I try to give in to it with as little resistance as possible. Other times I experience a sweet, quiet contentment, and that is fine, too. The sentences still form in my mind, and thoughts still Hong Kong nightlife do their little show-off dance, but I know my thought patterns so well now that they don't bother me anymore. My thoughts have become like old neighbors, kind of bothersome but ultimately rather endearing--Mr. and Mrs. Yakkity- Yak and their three dumb children, Blah, Blah and Blah. But they don't agitate my home. There's room for all of us in this neighborhood.
As for whatever other changes may have occurred within me during these last few months, perhaps I can't even feel them yet. My friends who have been studying Yoga for a long time say you don't really see the impact that an Ashram has had on you until you leave the place and return to your normal life. "Only then," said the former nun from South Africa, "will you start to notice how your interior closets have all been rearranged."

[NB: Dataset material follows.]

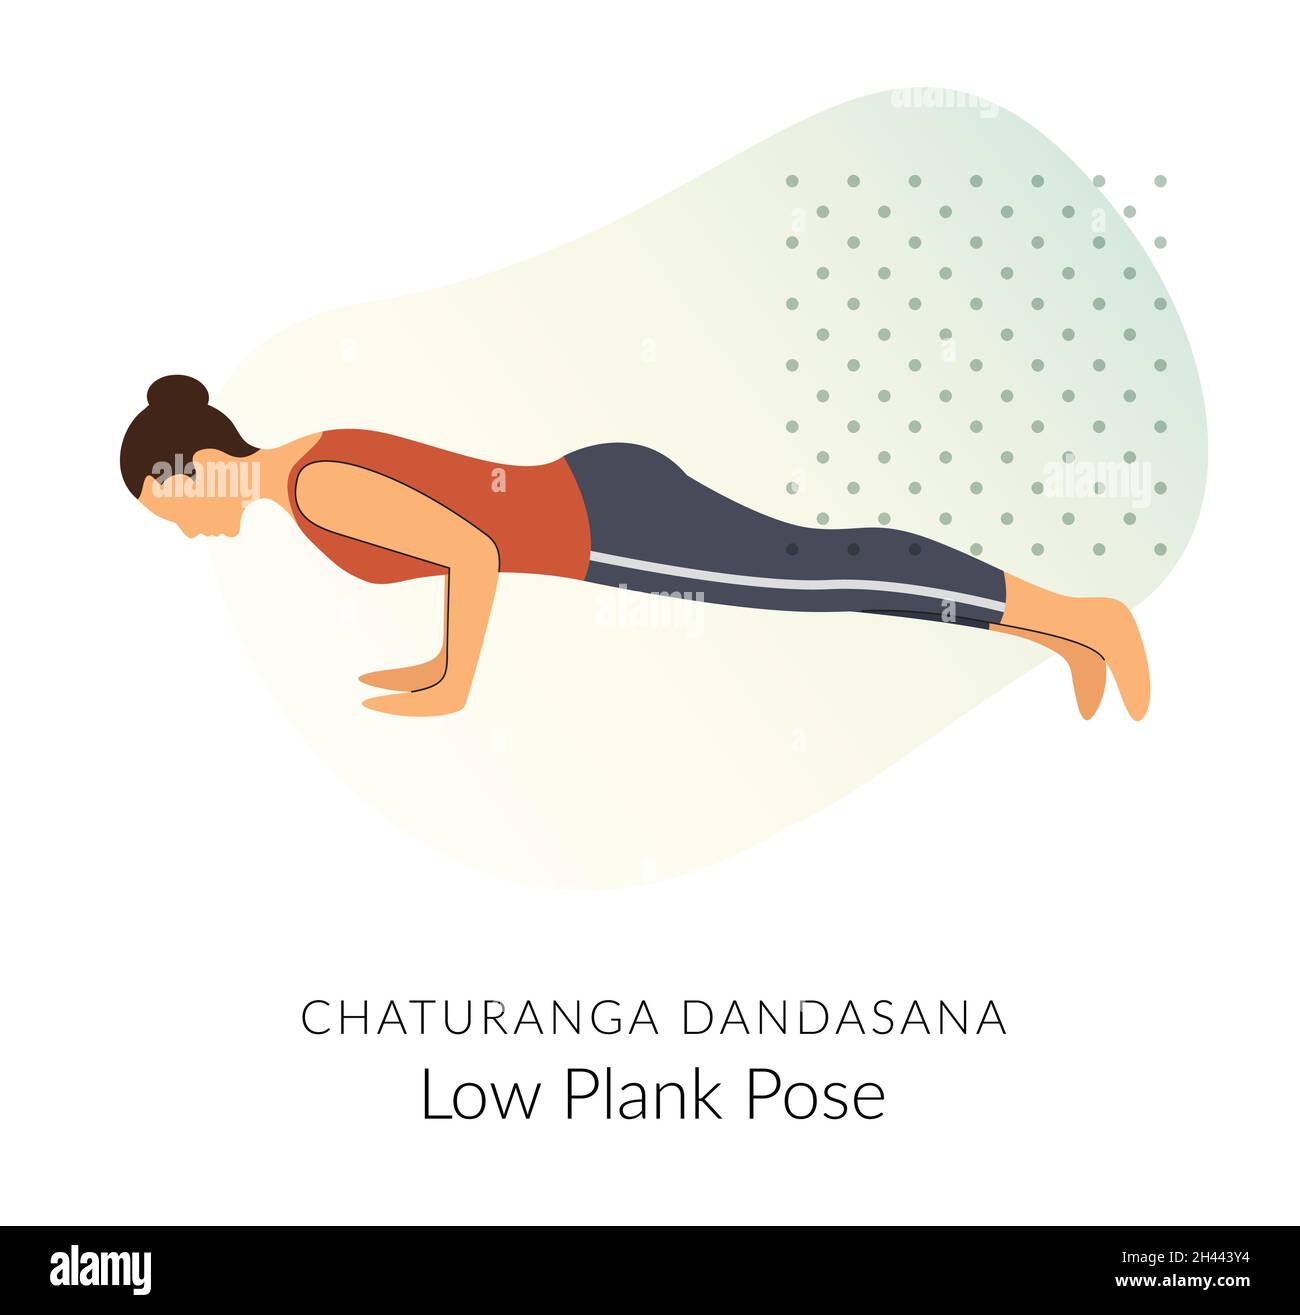 Low Plank Pose  Chaturanga Dandasana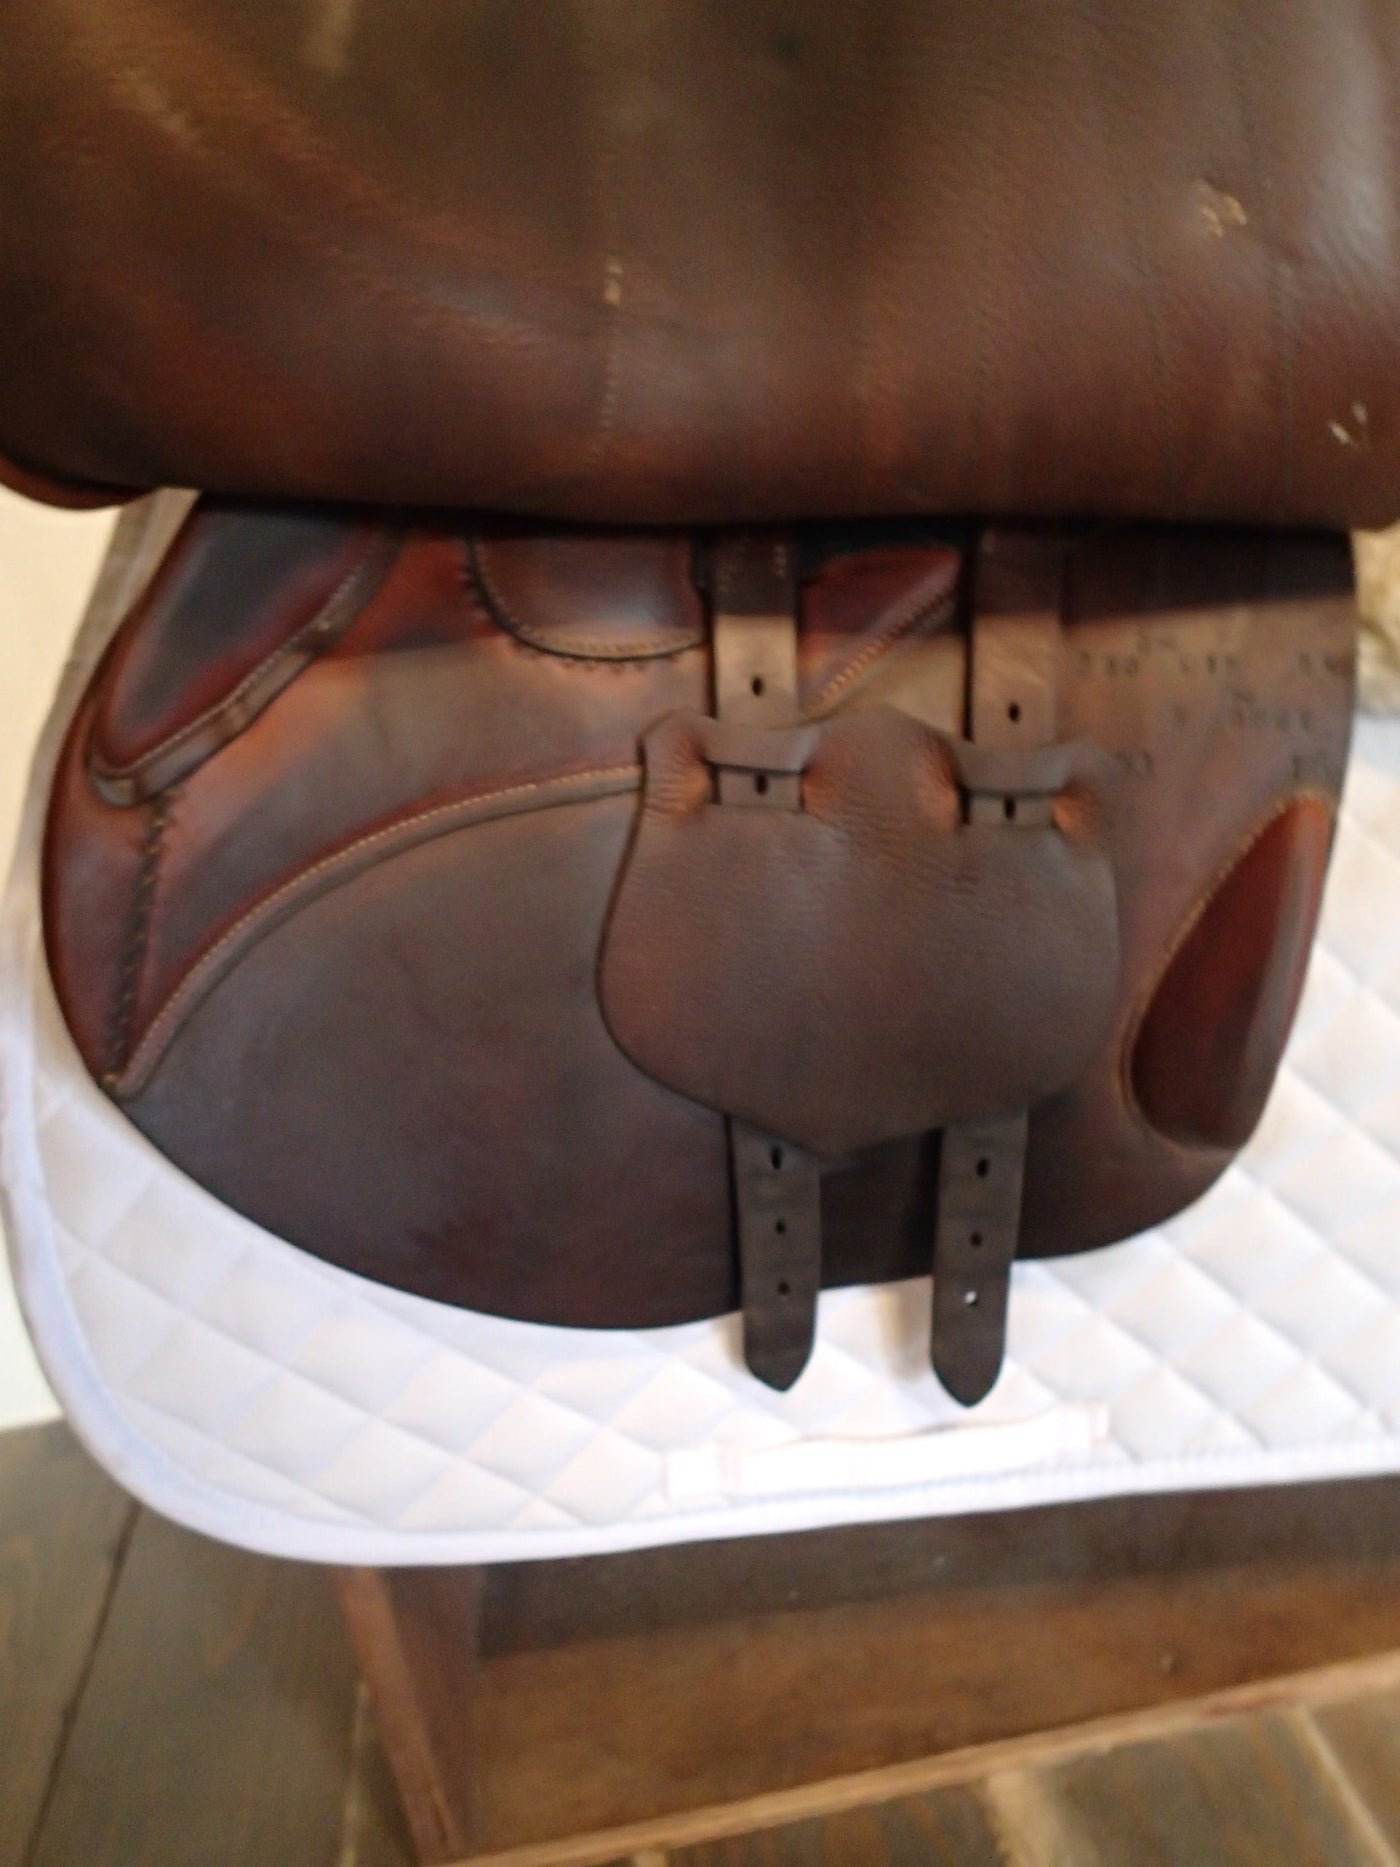 17" Butet Premium Saddle - Full Calfskin - 2016 - L Seat - 2.5C Flaps - 4.25" dot to dot

Of course at the moment, I'm not entirely sure what my normal life is. I mean, I'm maybe about to go move in with an elderly medicine man in Indonesia--is that my normal life? It may be, who knows? In any seo service case, though, my friends say that the changes appear only later. You may find that lifelong obsessions are gone, or that nasty, indissoluble patterns have finally shifted. Petty irritations that once maddened you are no longer problems, whereas abysmal old miseries you once endured out of habit will no longer be tolerated now for even five minutes. Poisonous relationships get aired out or disposed of, and brighter, more beneficial people start arriving into your world.
Last night I couldn't sleep. Not out of anxiety, but out of thrilled anticipation. I got dressed and went out for a walk through the gardens. The moon was lusciously ripe and full, and it hovered right above me, spilling a pewtery light all around. The air was perfumed with jasmine and also the intoxicating scent from this heady, flowery bush they have around here which only blossoms in the night. The day had been humid and hot, and now it was only slightly less humid and hot. The warm air shifted DR REBORN around me and I realized: "I'm in India!"